To summarize, we expect Flickr frequency to be a word frequency measure with a hybrid status, lying at the intersection of language and visual experience and with specific biases induced by being based on image-focused social media. To better understand which latent constructs Flickr frequency is tapping into, in the present study we first analyzed its relationships with other linguistic, perceptual, and affective variables. On the linguistic side, we expected to find Flickr frequency to correlate with other measures accounting for the linguistic experience with words. On the perceptual side, we expected Flickr frequency to be related to variables measuring perceptual properties of word-referents – specifically those more informative of visual properties. On the affective side, we were interested in evaluating to what extent Flickr frequency might exhibit a positive valence bias. In a second step, we then tested whether Flickr frequency norms explain additional behavioral variance in experimental tasks, beyond what is captured by previously published norms on both perceptual and linguistic experience with the word stimulus. Following the established practice in the field, we tested whether the Flickr frequency measure predicts word processing time – as measured in various large-scale behavioral datasets – over and above existing linguistic, sensorimotor, and affective measures.

Methods

Flickr frequency norms

Flickr frequencies were obtained from the Flickr photo-sharing platform (www.flickr.com). They were initially extracted for a total of 81,834 words resulting from the combination of entries from the English Lexicon Project (ELP) (including 40,481 American spelling English words) (Balota et al., 2007), the British Lexicon Project (including 28,730 British spelling English words) (Keuleers et al., 2012), and the English Crowdsourcing Project (including 61,851 American spelling English words) (Mandera et al., 2020). We did not apply any transformation or processing to the words as they appear in the three datasets, we used to construct the item set. A Python-based tool was developed to collect Flickr frequency data through the API method flickr.photos.search (https://www.flickr.com/services/api/flickr.photos.search.html), which returns the list of public photosFootnote 1 tagged with a specific label within a particular time interval and geographical area.

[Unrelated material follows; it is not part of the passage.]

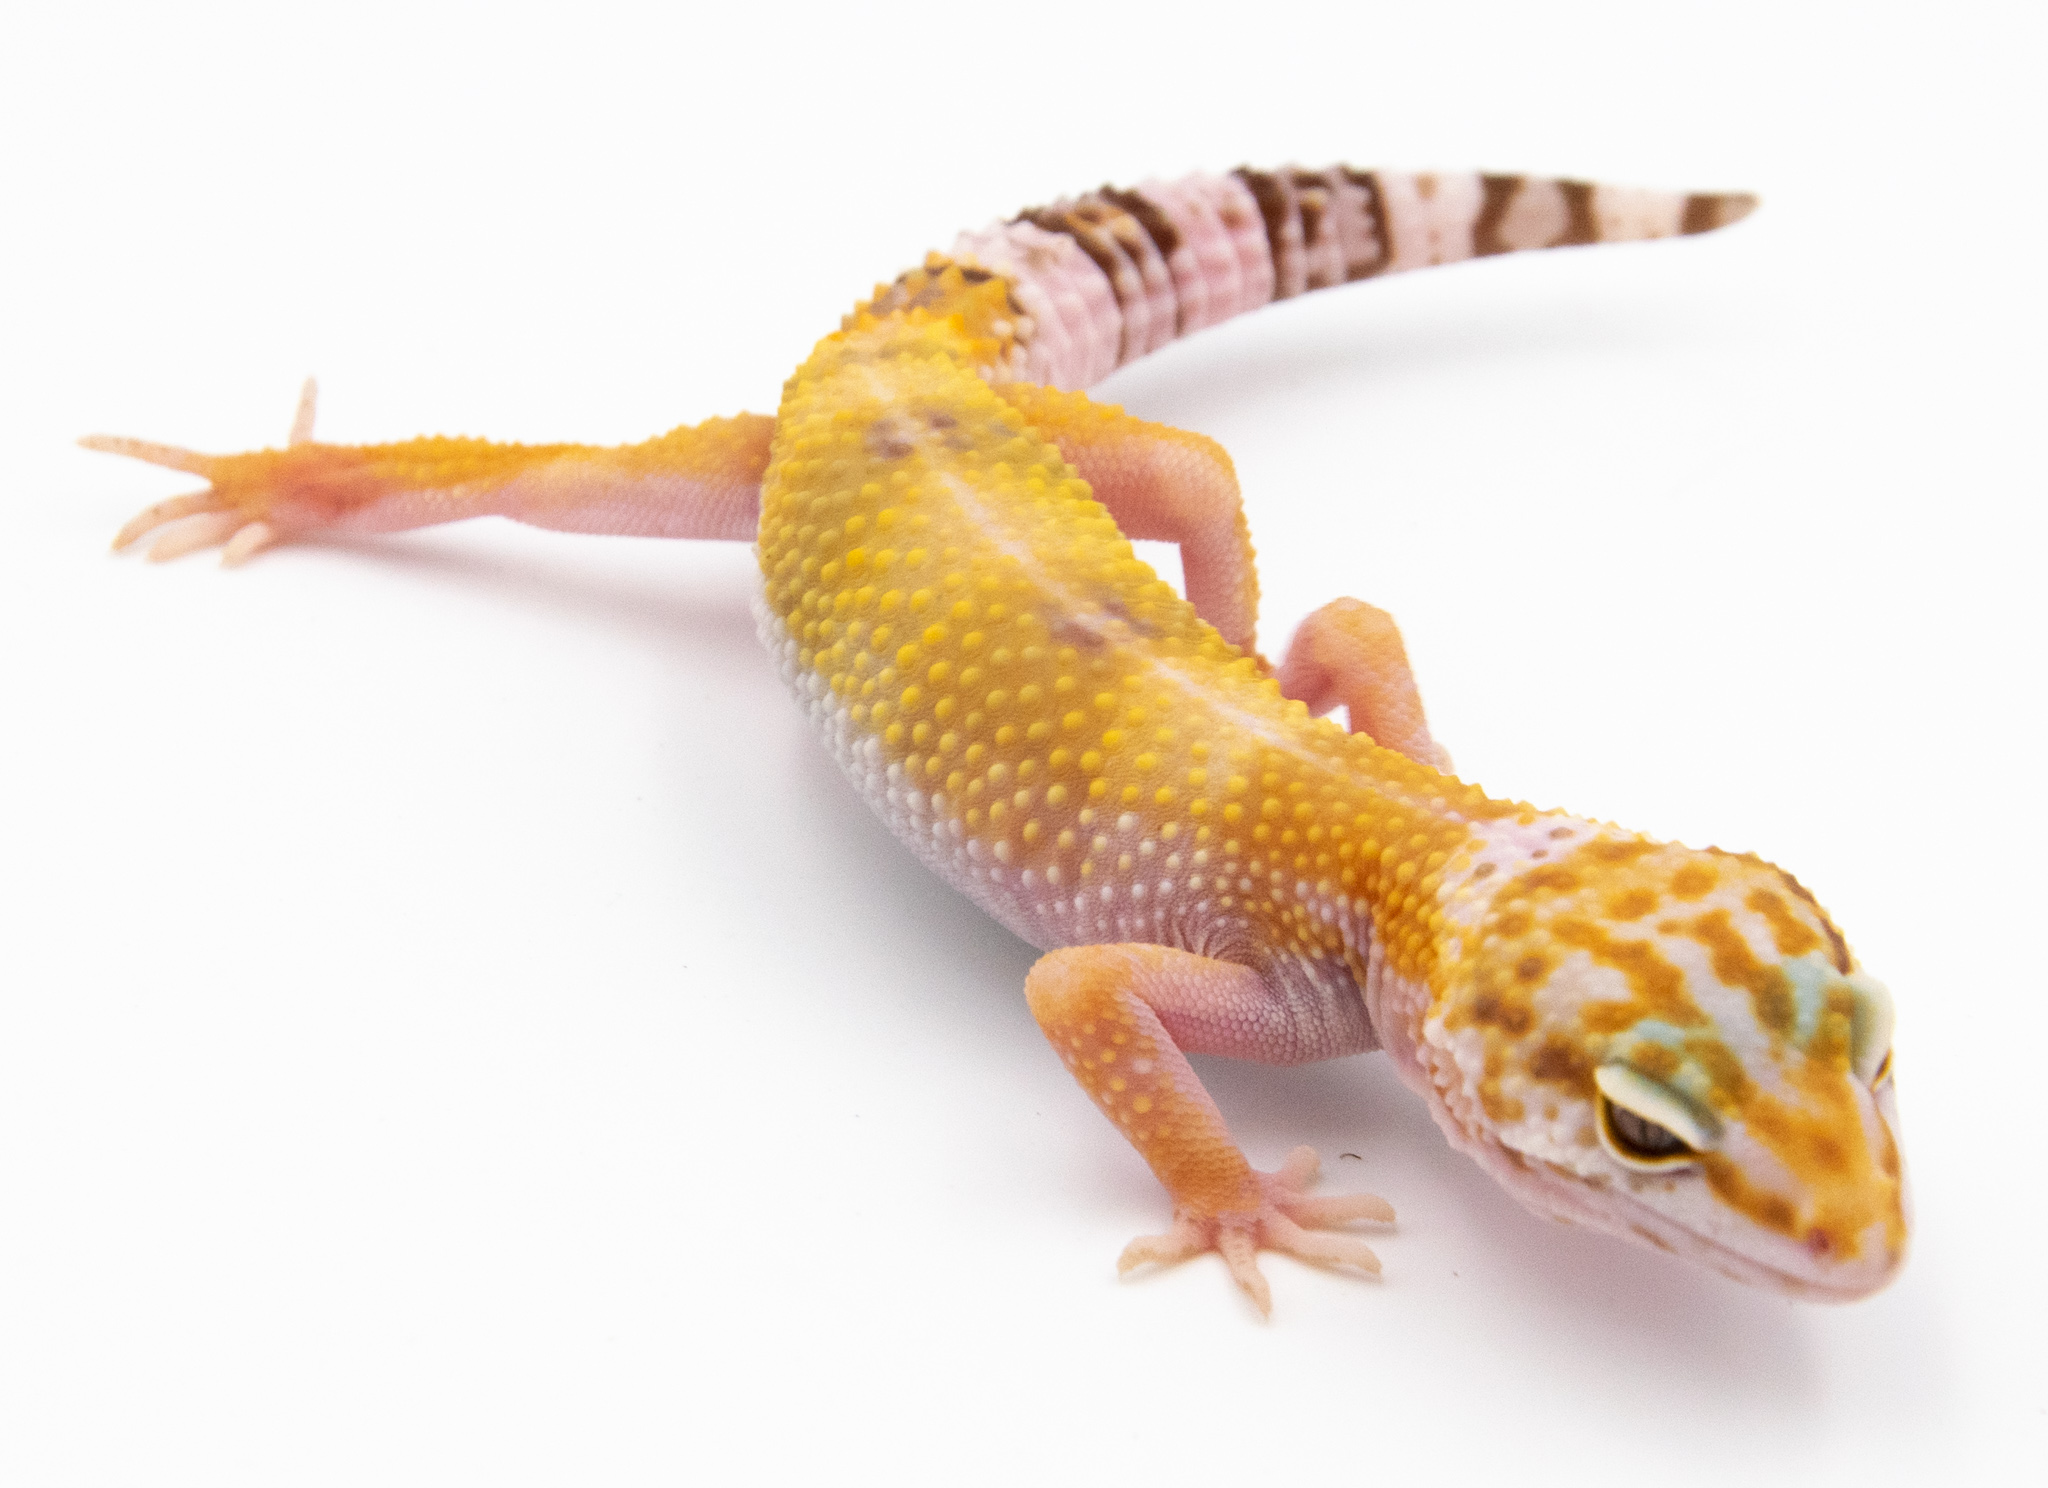 EJ04 - Gecko Léopard - Eublepharis Macularius Tangerine Tremper - non sexé - NC 2021

As geographical areas, we extracted data separately for images uploaded in the US and the UK by defining bounding boxes delimiting the two areas (taken from https://gist.github.com/graydon/11198540)Footnote 2. As time interval, we extracted data starting from January 1, 2005, to January 1, 2022. Since the Flickr API provides less accurate results when accessing larger sets of photos, the whole time interval was subdivided into five equal-sized sub-windows in case more than 20,000 photos were contained within that window. The subdivision was recursively performed until no API query returned more than 20,000 photos or up to a minimum time interval of 30 days. Results from each API query for each word were then summed together to form two datasets of Flickr frequency: one with the count of images tagged with each word label in the geographical area of the United States (i.e., Flickr frequency US) and one with the count of images tagged with each word label in the geographical area of the United Kingdom (i.e., Flickr frequency UK). Words never used as tags in Flickr were discarded (i.e., 28,133 words for Flickr frequency US; 34,943 for Flickr frequency UK) Footnote 3. As a result, the Flickr frequency US corpus included 53,699 words, and the Flickr frequency UK dataset included 46,889 words.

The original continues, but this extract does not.